Commercial gaming revenue in the US was just $30 billion in 2020, down more than 31% year-over-year, according to the American Gaming Association’s Commercial Gaming Revenue Tracker.
The AGA said 2020 saw the first market contraction for the US gaming industry since 2014 and the lowest gaming revenue total since 2003.
Q4 featured “some positive momentum,” the AGA said, as revenue was up 1.7% from Q3. However, the nearly $9.2 billion in revenue was down 17% from Q4 2019.
“COVID-19 devastated our business and the employees and communities across the country that rely on casino gaming’s success,” AGA president and CEO Bill Miller (pictured) said in a statement. “We have persevered by leading responsible reopening efforts, supporting our employees, and extending a hand to our communities. Still, these numbers show the economic realities of COVID-19 and underscore the importance of targeted federal relief and ramped-up vaccine distribution to accelerate gaming’s recovery in 2021.”

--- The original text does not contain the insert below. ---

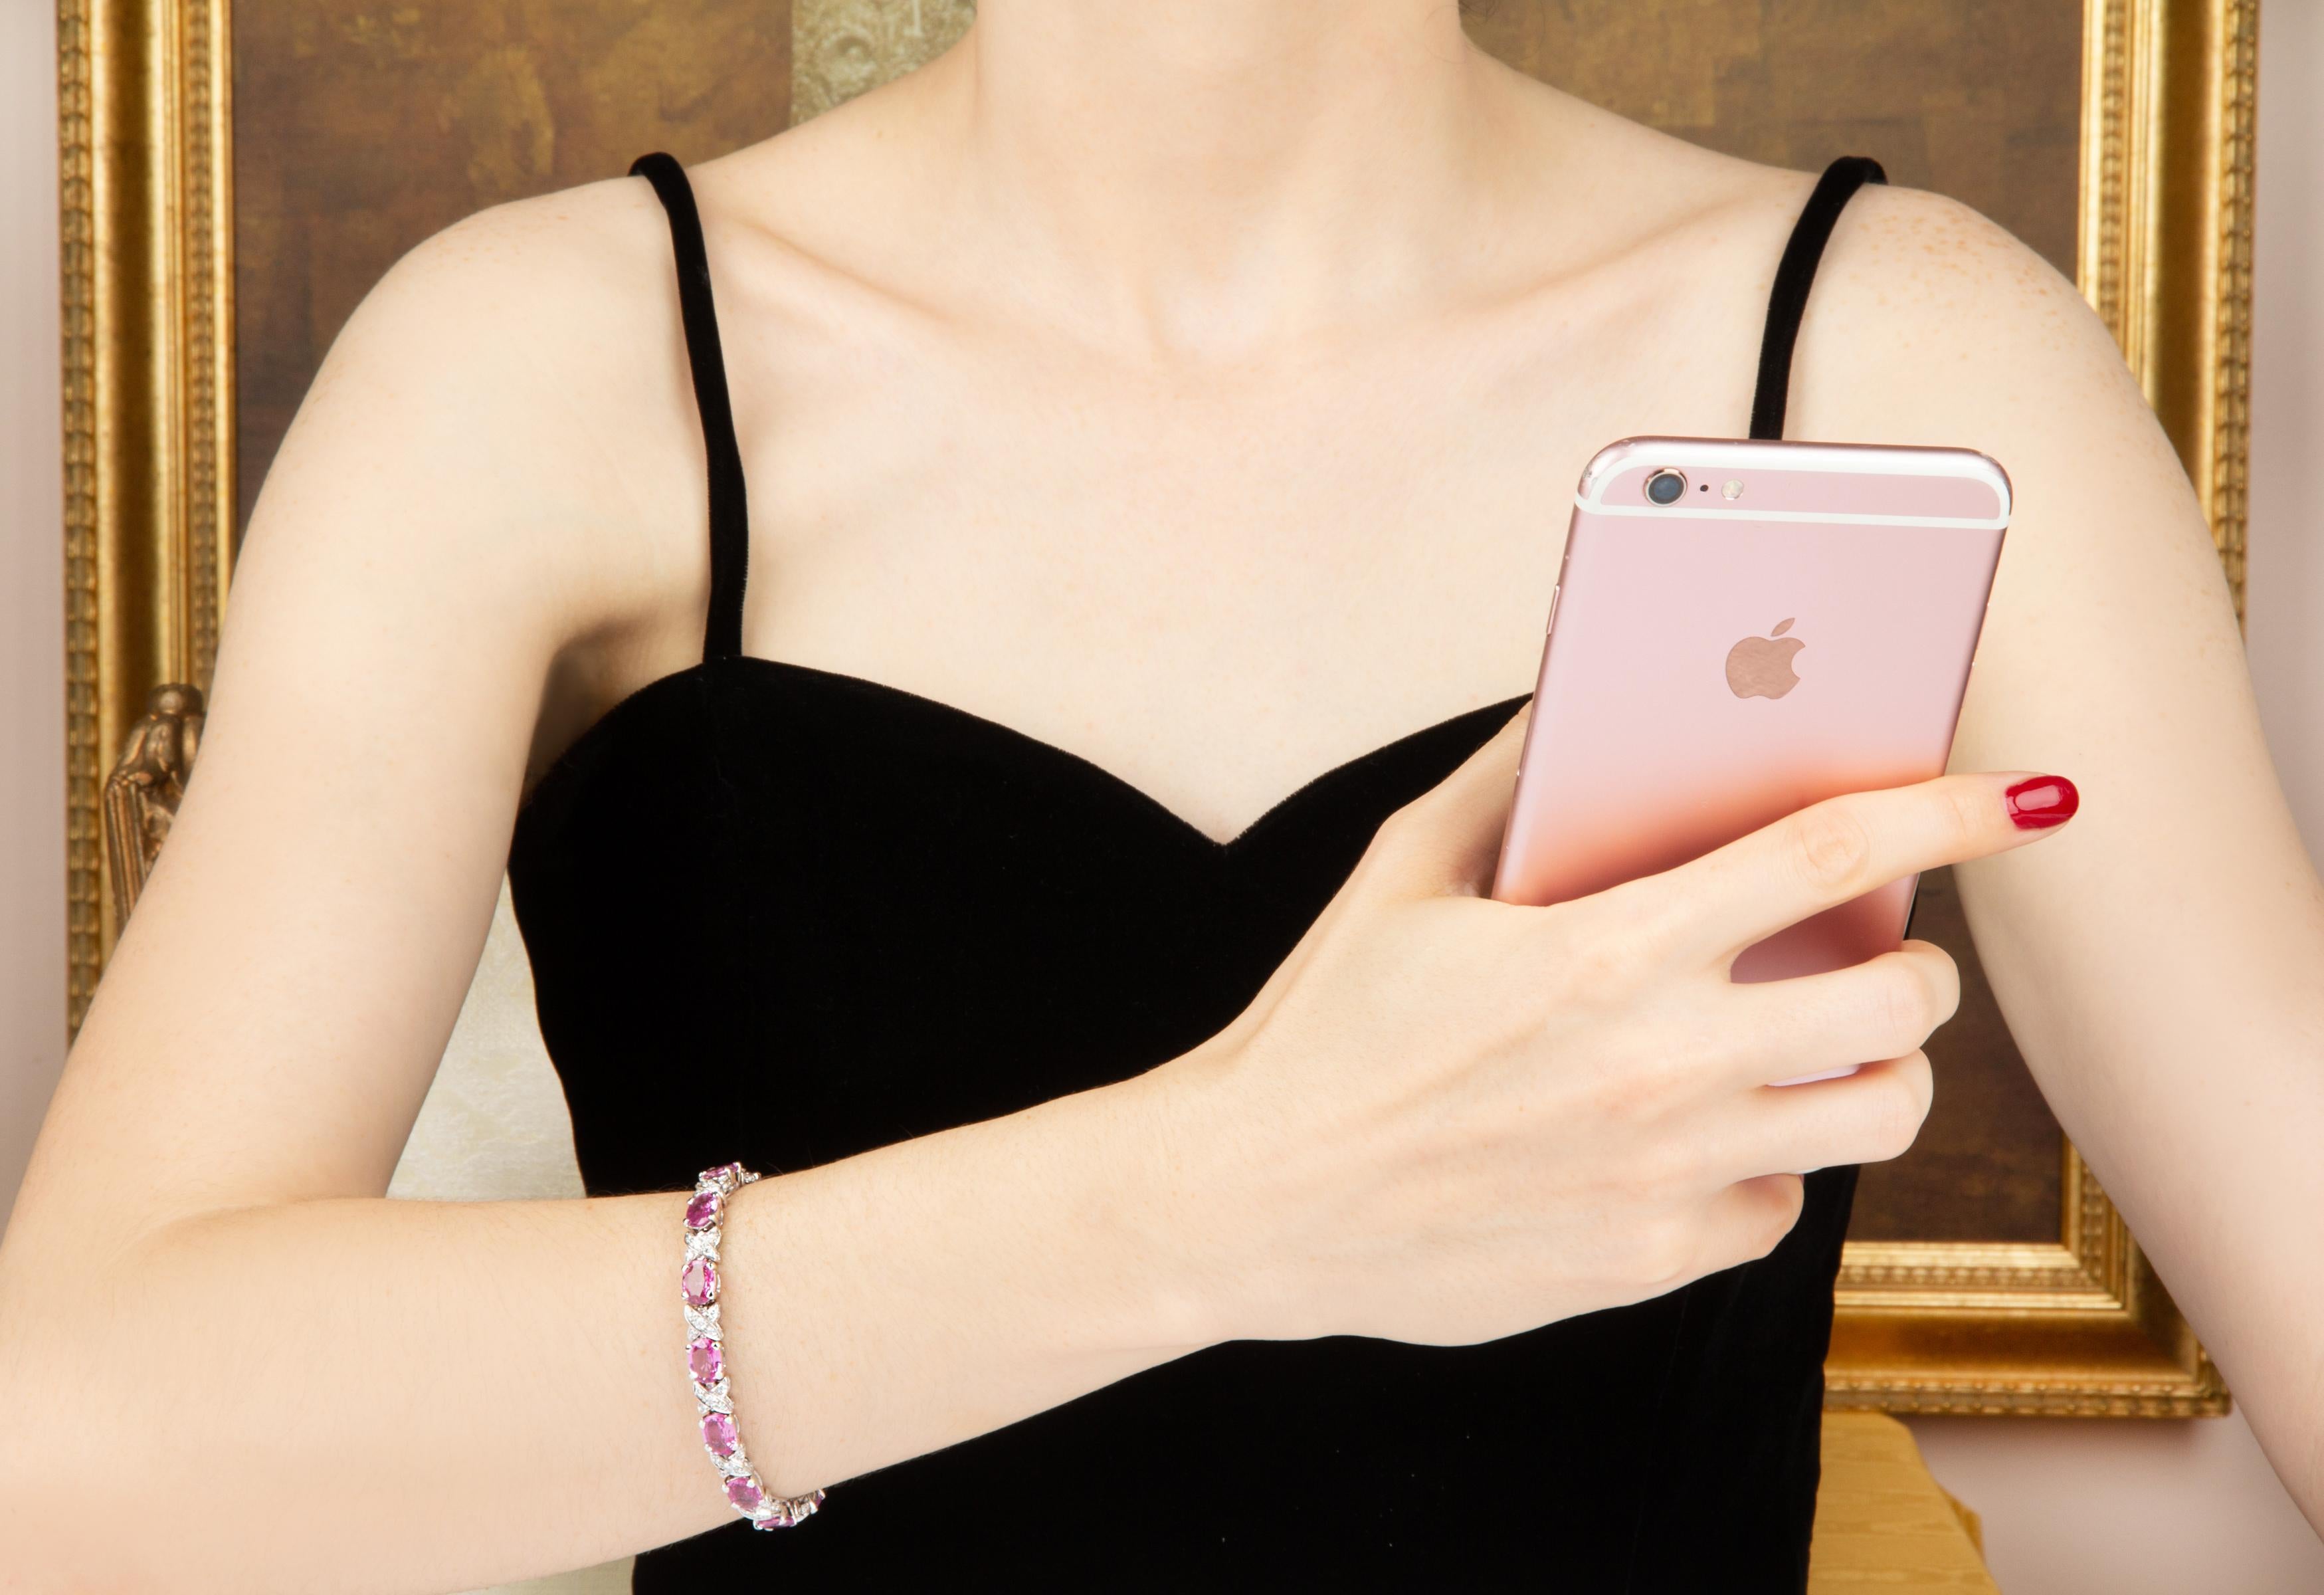 Das rosafarbene Saphirarmband besteht aus oval geschliffenen, facettierten Saphiren in brillanten Farbtönen mit einem Gesamtgewicht von etwa 16 Karat. Das Design ist mit 2,20 Karat Diamanten von höchster Qualität (F-G/VVS) besetzt.
Das Armband wurde

AGA research found commercial casinos lost 27% of normal operating days in 2020 due to mandated closures and, to a lesser degree, disruptions caused by hurricanes along the Gulf Coast. Commercial casinos were open (with capacity restrictions) for an estimated 124,882 days in 2020 out of 170,484 potential days.
The impact of COVID-19 on the casino industry extended beyond gaming revenue, the AGA continued. Live entertainment, tourism, and meetings and conventions — which make up more than half of casino resort revenue in tourist destinations such as the Las Vegas Strip — were shut down in 2020.
“Hospitality and travel have been among the sectors hardest hit by the pandemic. I am encouraged by recent bipartisan momentum on Capitol Hill to support these industries, which are crucial to our nation’s full economic recovery,” added Miller.
There is hope for pent-up demand, as the AGA said one-in-three American adults plan to visit a casino in 2021, near the highest rate since the trade group began tracking last March. About 80% of future casino visitors agree the industry has done a good job at safely reopening.
Online gaming and sports betting helped the bottom line, as legal sports betting brought in an all-time high of $1.5 billion in revenue, up 69% year-over-year, while online gaming revenue nearly tripled to almost $1.6 billion.
The AGA said 30 commercial gaming markets were operational in 2020, while seven jurisdictions launched legal sports betting markets, and West Virginia launched a new online gaming market.